**Directions**
Where the word "pulse" appears in a line below, copy the whole line.

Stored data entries
==============================
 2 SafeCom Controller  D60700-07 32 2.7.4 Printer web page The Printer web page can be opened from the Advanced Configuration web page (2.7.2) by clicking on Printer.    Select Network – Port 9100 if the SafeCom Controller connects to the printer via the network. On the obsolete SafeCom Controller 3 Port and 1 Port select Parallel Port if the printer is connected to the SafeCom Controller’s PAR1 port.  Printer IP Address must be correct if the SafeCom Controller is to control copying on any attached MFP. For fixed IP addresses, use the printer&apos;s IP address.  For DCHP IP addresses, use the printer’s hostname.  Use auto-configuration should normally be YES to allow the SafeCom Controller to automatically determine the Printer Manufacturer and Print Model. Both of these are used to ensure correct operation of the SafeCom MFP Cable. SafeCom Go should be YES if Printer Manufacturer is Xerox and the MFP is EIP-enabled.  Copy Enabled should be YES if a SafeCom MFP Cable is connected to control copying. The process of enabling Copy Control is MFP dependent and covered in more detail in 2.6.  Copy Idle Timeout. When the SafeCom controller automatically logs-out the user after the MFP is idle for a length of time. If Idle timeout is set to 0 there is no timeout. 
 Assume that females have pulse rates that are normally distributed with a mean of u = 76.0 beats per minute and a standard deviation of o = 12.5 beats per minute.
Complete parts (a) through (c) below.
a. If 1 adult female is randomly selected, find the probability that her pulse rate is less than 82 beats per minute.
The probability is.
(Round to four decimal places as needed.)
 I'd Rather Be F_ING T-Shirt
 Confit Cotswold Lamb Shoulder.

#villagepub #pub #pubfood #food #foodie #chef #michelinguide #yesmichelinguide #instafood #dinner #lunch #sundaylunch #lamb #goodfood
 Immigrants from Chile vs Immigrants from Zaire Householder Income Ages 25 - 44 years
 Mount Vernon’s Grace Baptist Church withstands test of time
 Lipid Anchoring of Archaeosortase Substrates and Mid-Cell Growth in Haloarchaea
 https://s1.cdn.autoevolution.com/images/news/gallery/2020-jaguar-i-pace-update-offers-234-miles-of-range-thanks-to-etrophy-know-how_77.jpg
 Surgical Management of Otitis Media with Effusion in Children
==============================
**Result for this task**
 Assume that females have pulse rates that are normally distributed with a mean of u = 76.0 beats per minute and a standard deviation of o = 12.5 beats per minute.
a. If 1 adult female is randomly selected, find the probability that her pulse rate is less than 82 beats per minute.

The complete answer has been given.